I accidentally drove to Cranberry this past weekend. I’d meant to drive 2 hours east to Harrisburg but somehow drove 2 hours west to Cranberry instead. I called my husband Poobah and said, “I have to tell you something but you have to promise not to get mad at me.” Not the words he was hoping to hear I am sure. He agreed to the fairly absurd request (one can’t choose to not have at least an initial angry impulse if that’s what’s stirred in them after all) and I told him where I was. He didn’t get angry but he was certainly confused. How is it I had driven for two hours on the Pennsylvania Turnpike the wrong way? Hadn’t I noticed all the signs for the exits that lead to Pittsburgh? I really didn’t know how to explain it and simply told him I’d done it before and that we would try to make the best time we could over to Harrisburg now.
How it happened is not really so complex or mysterious. I’m not on my way to early onset Alzheimer’s or Lewy body dementia. I didn’t have a psychotic break and lose touch with reality. I was just really stressed out with life in general and then climbed into a Honda Civic with three young kids for a three and a half hour drive.
Still, it scared me. It didn’t seem like something a normal person would do. I’d done it before. I’d probably do it again. And it just isn’t normal. Therefore, I’m not normal.

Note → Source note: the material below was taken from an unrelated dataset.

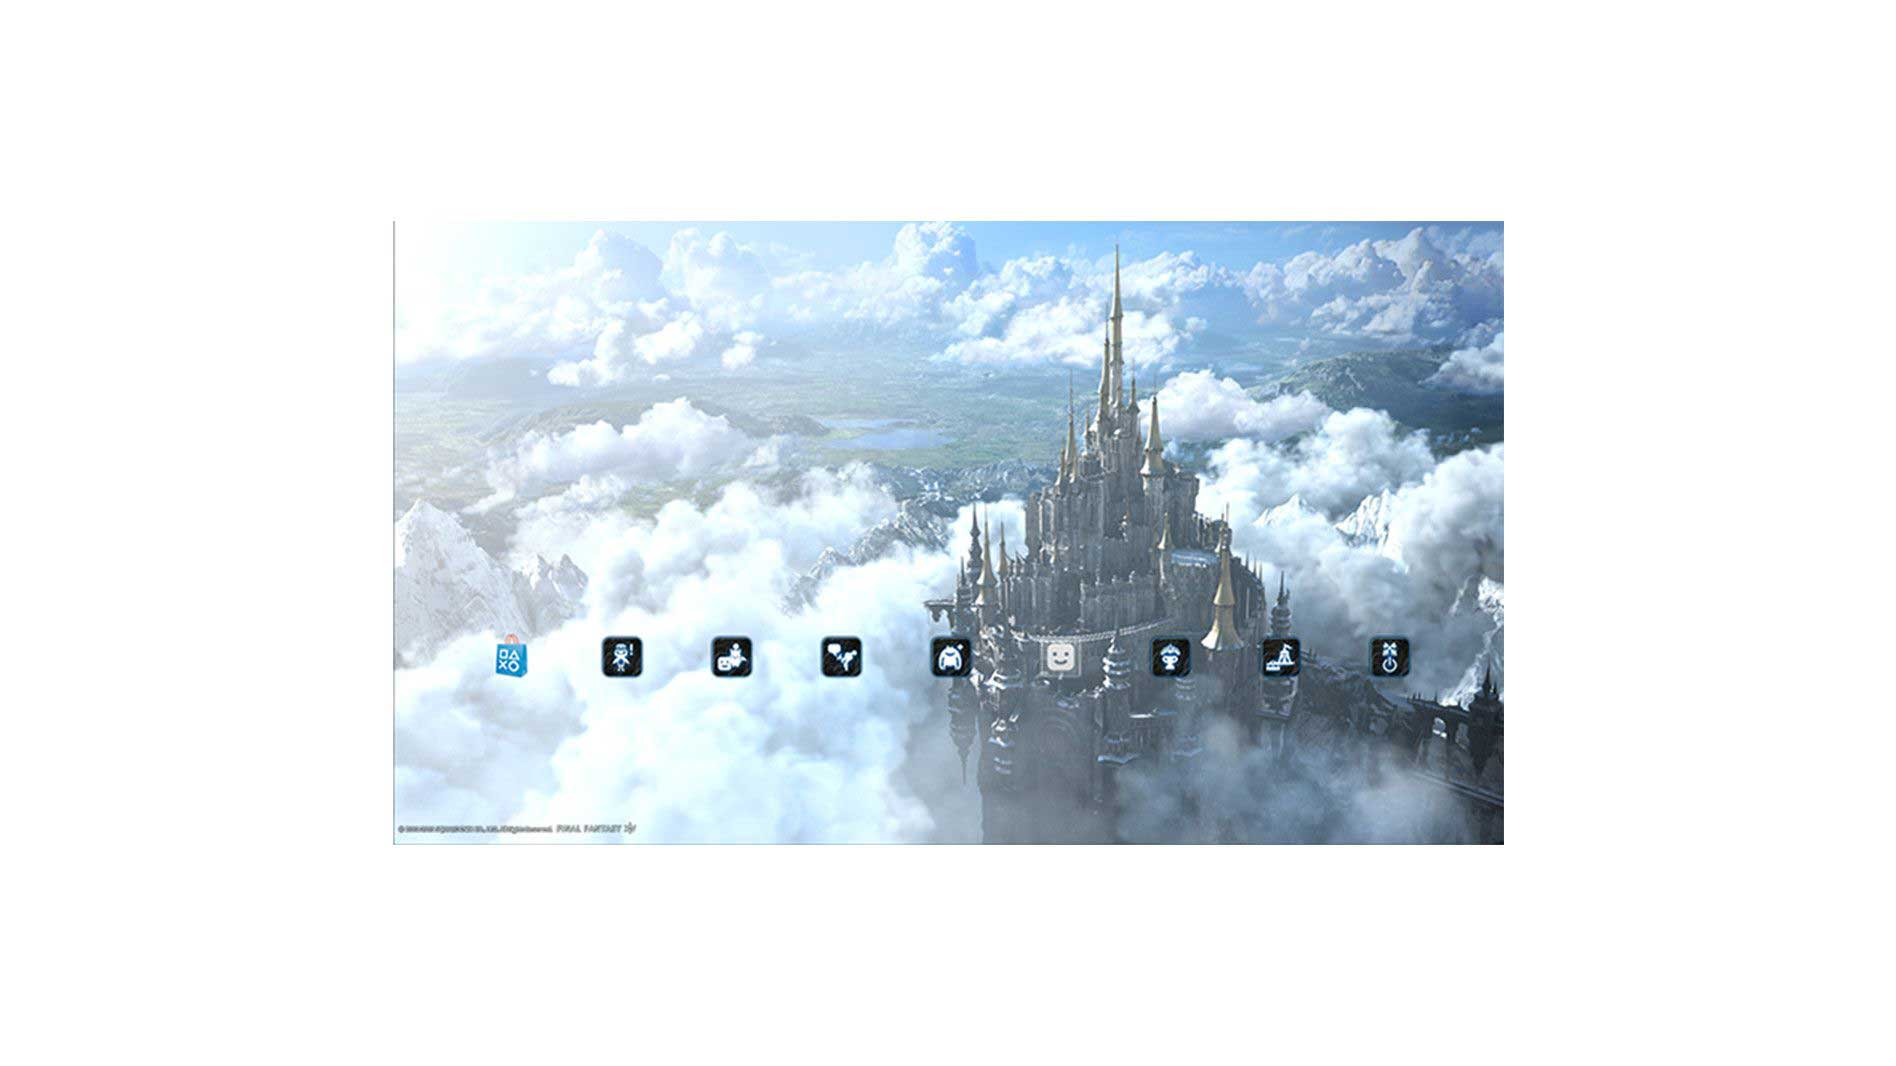 final_fantasy_14_heavensward_wallpaper_2

Now, don’t get me wrong. I’ve never been a big fan of normal. I’ve always wanted to be unique, to be myself exactly as I am. I’ve taught my kids the same thing. Truth is, I love my oddball patients the most. I’ve always been a fan of the underdog.
What was scaring me now was the fear that I’m not just unique or special, that I’m somehow… wrong. There lies in me a fear I think we all have to one extent or another: the fear that I’m a fraud. In me, I suspect, it runs deeper and wider than it does in most.
I feel sometimes that my whole life is a house of cards precariously standing by the grace of so many cards all pushing against one another with just the right amount of force, positioned just so for balance. And at any moment, it might just collapse. It all just might fall apart and I will be left with nothing more than a pile of scattered cards. I could just lose it all, just like that, in an instant. I could lose it all because I am not who we all think I am, me included.
It all feels so fragile to me at times. The thing I have to remind myself is that it is. It is fragile. All of it. Everything any of us thinks we have. Anyone’s house of cards could come crashing down. And yes, maybe it would be my fault if it happened. Maybe I would make a mistake and cause it all to fall.
It’s already fallen. The world. Nothing’s owed us. We’re all broken, all imperfect, all sick. Any one of us could knock it all down on any given day. I tend to think that those of us that know how broken we are, are maybe actually the wise ones. I sat in on a drug rehab group recently and listened to a beautiful group of people trying to get their lives back in order after addiction. They laid themselves bare to one another, talking about the wounds of their past, of those who’d loved them and those who hadn’t, of those they’d hurt and betrayed and deceived along the way. Their cards lie scattered and they knew it and they knew it was their own doing. They knew even if they could begin to build again, it would still be a fragile thing and that it very well might fall into chaos again. I hated to leave the group to return to the real world, full of the superficial interactions that make up the day to day of life. I have felt the fragility of it all since I was a little girl and have found so many either don’t know yet, or wish to ignore it or pretend it away. I suppose for many of us, it’s a necessary lie.
Like the woman at Jesus’s feet, cleaning them with her tears and drying them with her hair, breaking open her alabaster jar to anoint him with perfume, we are all but whores at the feet of the Lord. A pile of cards that will one day be made whole again when we leave this broken world for something so much better.